#### Task prompt:
Please reproduce all the data exactly as written and omit the pictures.

#### Dataset extract:
########################################
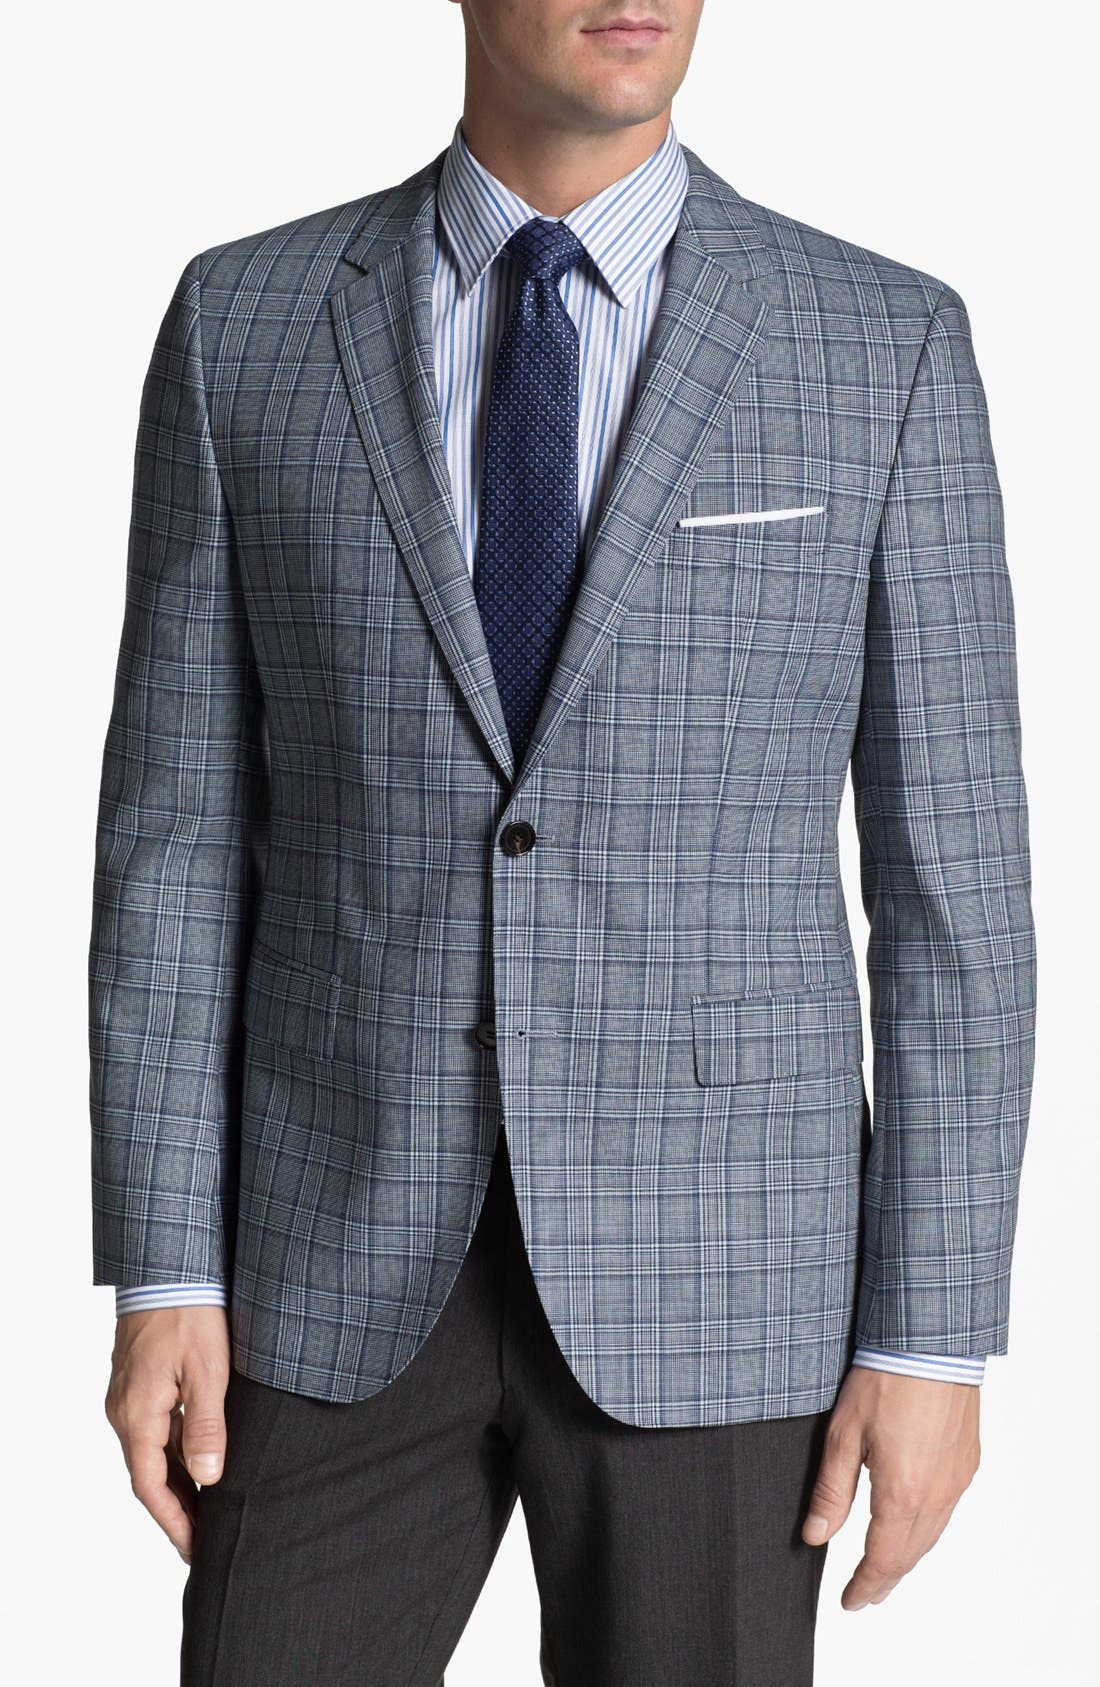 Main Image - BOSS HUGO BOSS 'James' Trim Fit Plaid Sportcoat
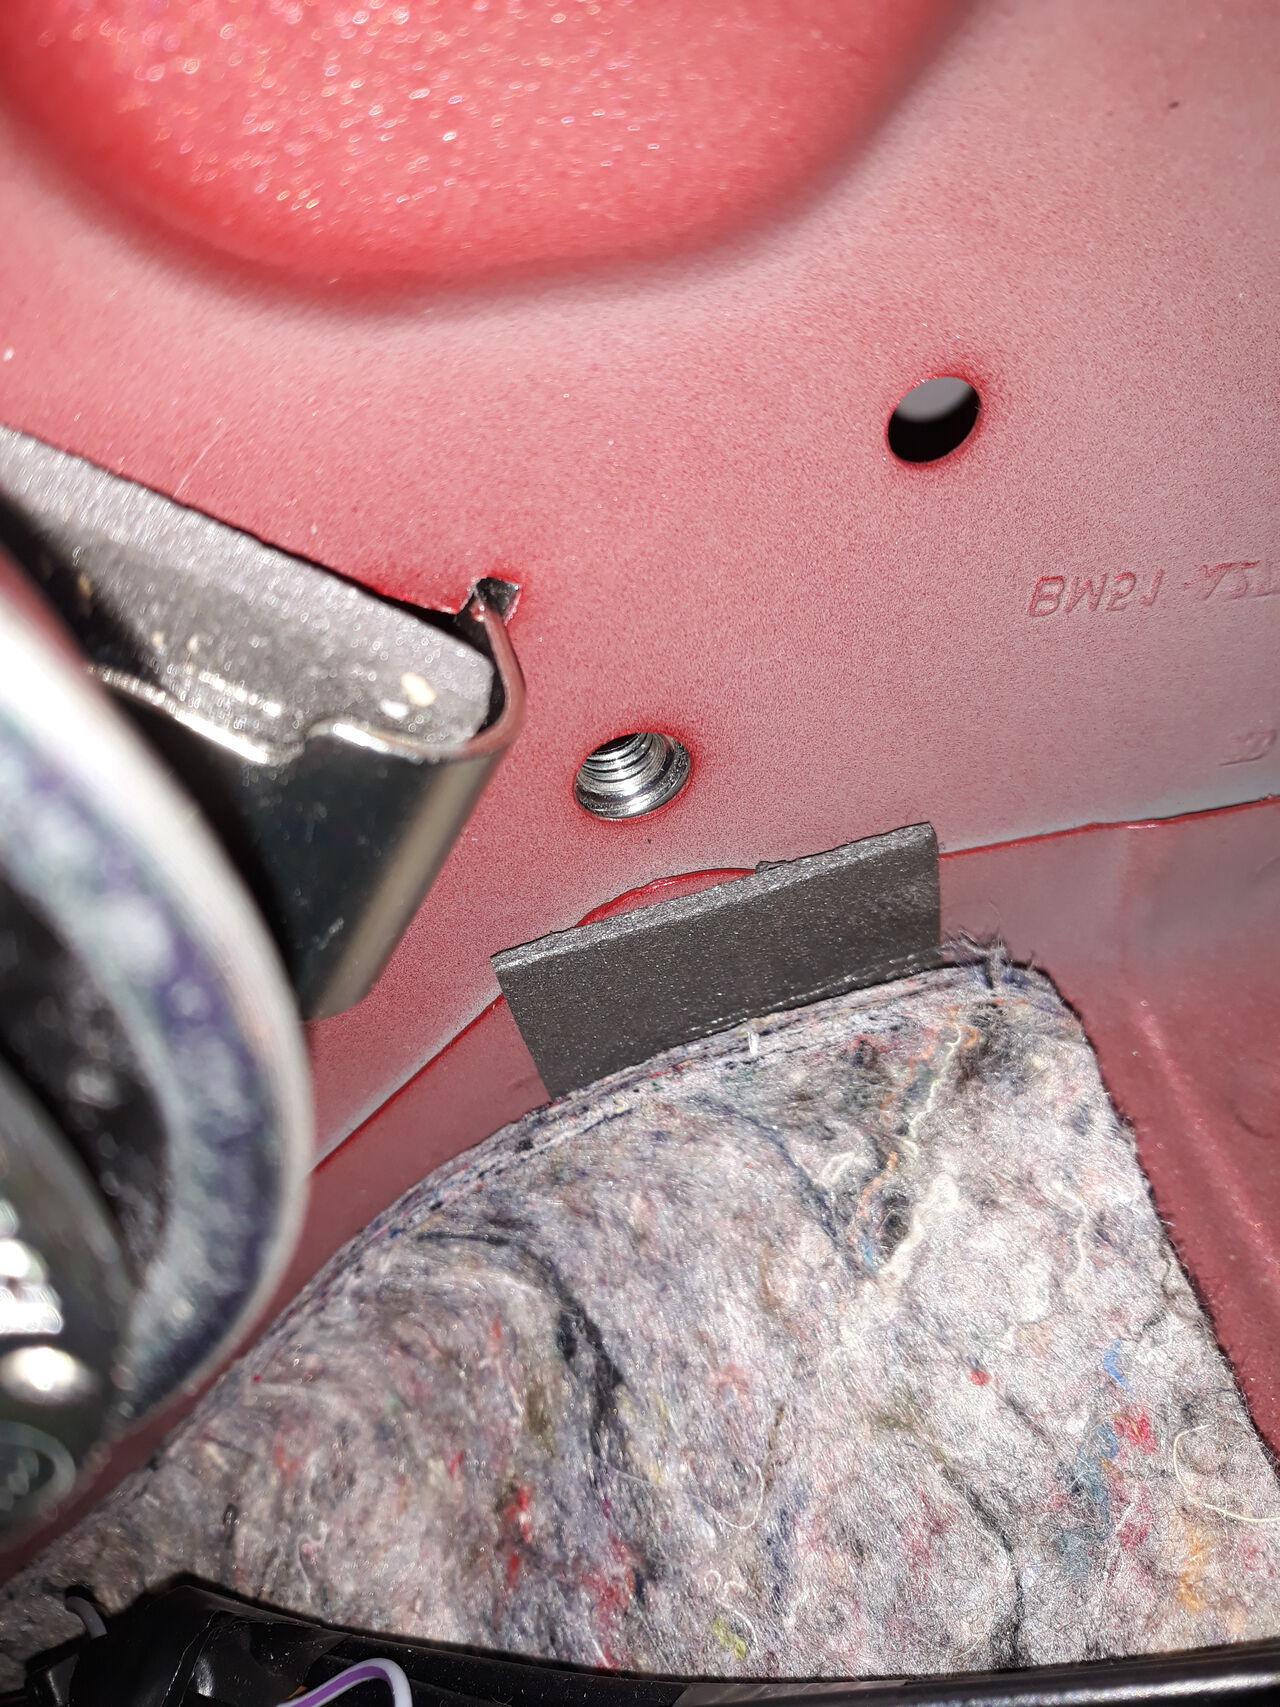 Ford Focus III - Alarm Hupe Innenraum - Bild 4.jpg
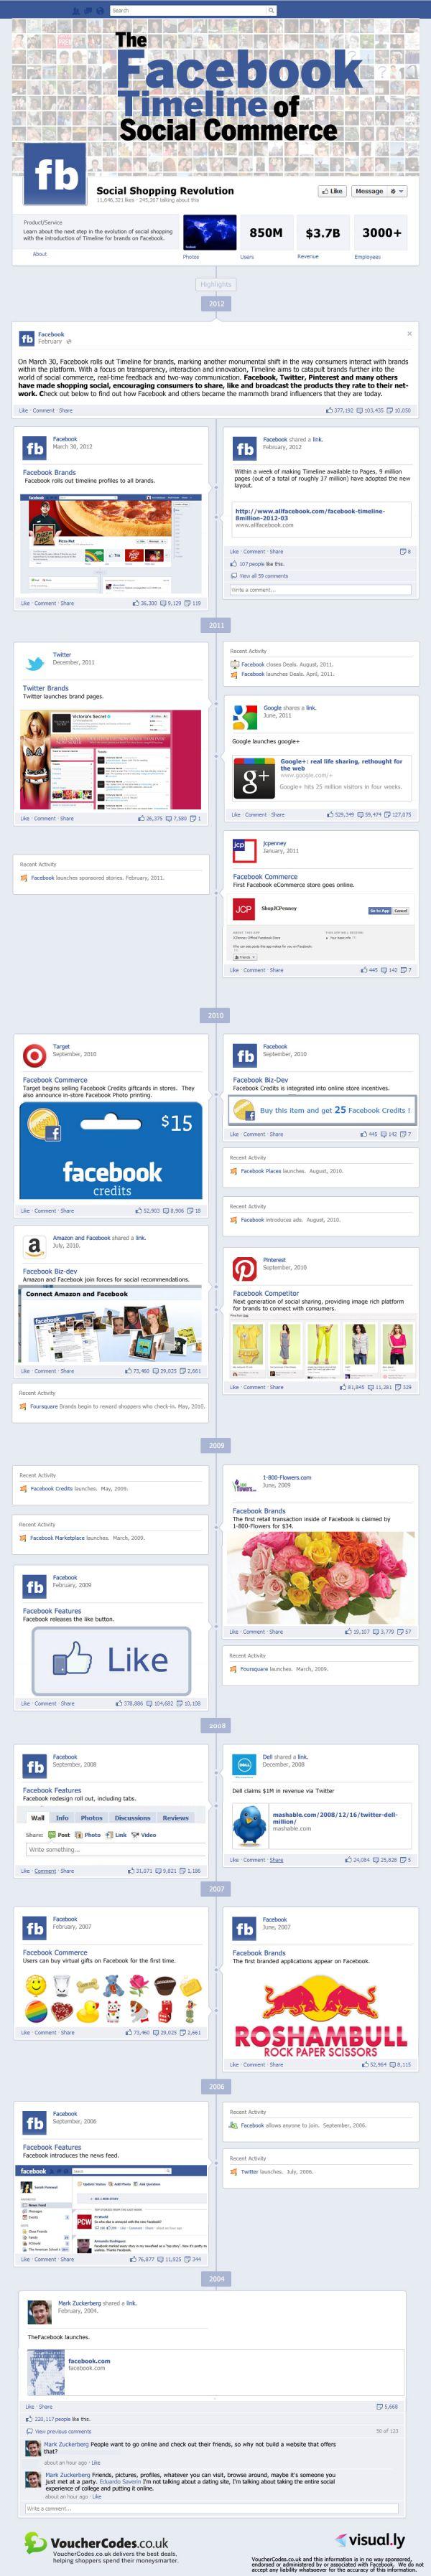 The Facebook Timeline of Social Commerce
########################################
#### Task output:
 Main Image - BOSS HUGO BOSS 'James' Trim Fit Plaid Sportcoat
 Ford Focus III - Alarm Hupe Innenraum - Bild 4.jpg
 The Facebook Timeline of Social Commerce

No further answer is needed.